At the beginning , we will let E.coli stay in 37°C environment. After having enough 2-Ketoisovalerate , we will move E.coli into 30°C environment for producing the final product , isobutanol. It can make us get isobutanol successfully and efficiently.
This is our biobrick. The most important part of our biobrick is 37°C ribosome binding site gene. We separate our biobrick into two parts . The first part is which has 37℃ ribosome binding site gene and the second part is under the first one.
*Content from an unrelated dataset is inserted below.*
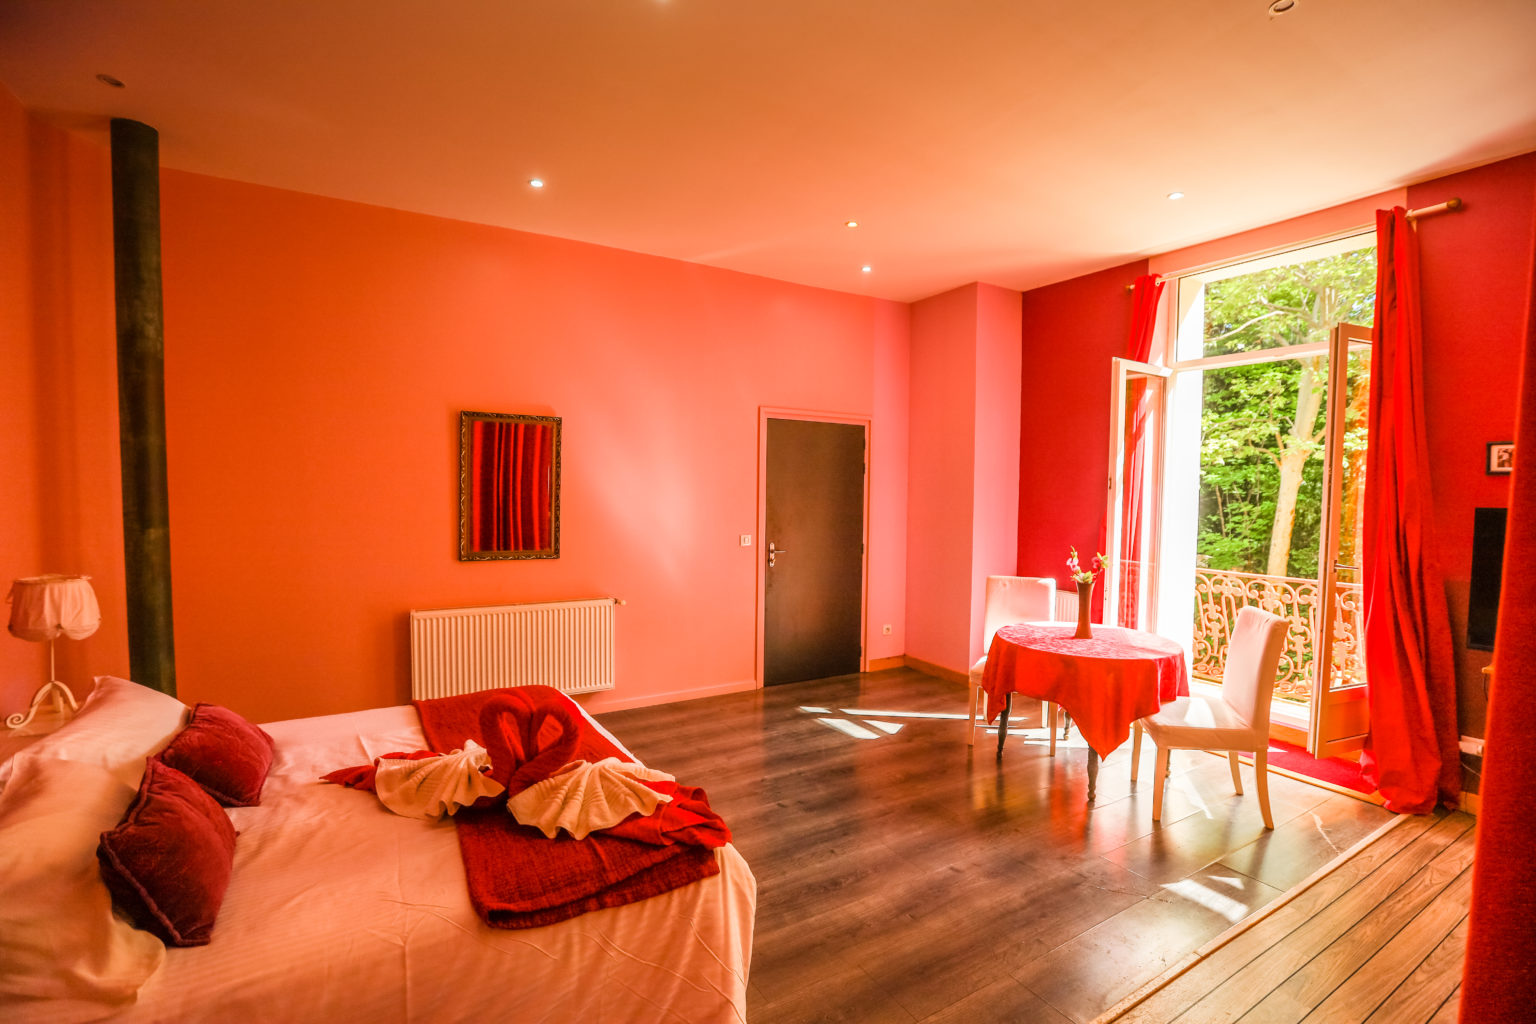 CHAMBRE LA FONTVINEUSE IMG_1640LA FONT VINEUSE HOTEL & SPA
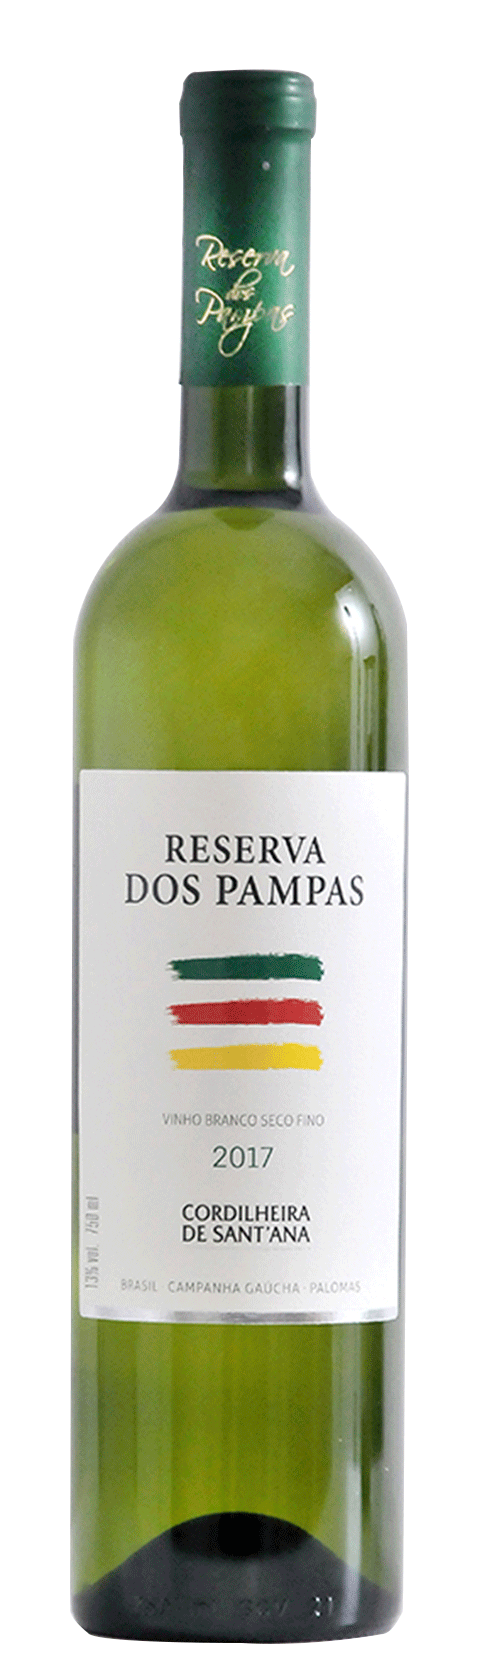 Reserva dos Pampas Branco 2017

And now we're introducing how our system works.
When being in 37°C environment, the first part will be translated and produce tetR protein to inhibit Ptet promoter. The second part will not be translated. Then we can produce intermediate , 2-Ketoisovalerate.
After getting enough 2-Ketoisovalerate , E.coli will stay in 30°C environment. The ribosome will not bind the 37°C ribosome binding site and tetR genes will not be translated. Then the second part will be translated successfully. At the end , we can get the isobutanol.
Result
1. The preparing tests for our project
Figure 1. Activate our E.coli overnight. Then, transfer it into the new medium with the microaerobic environment until O.D. reaching 0.2. After that, test the O.D. value every 4 hours.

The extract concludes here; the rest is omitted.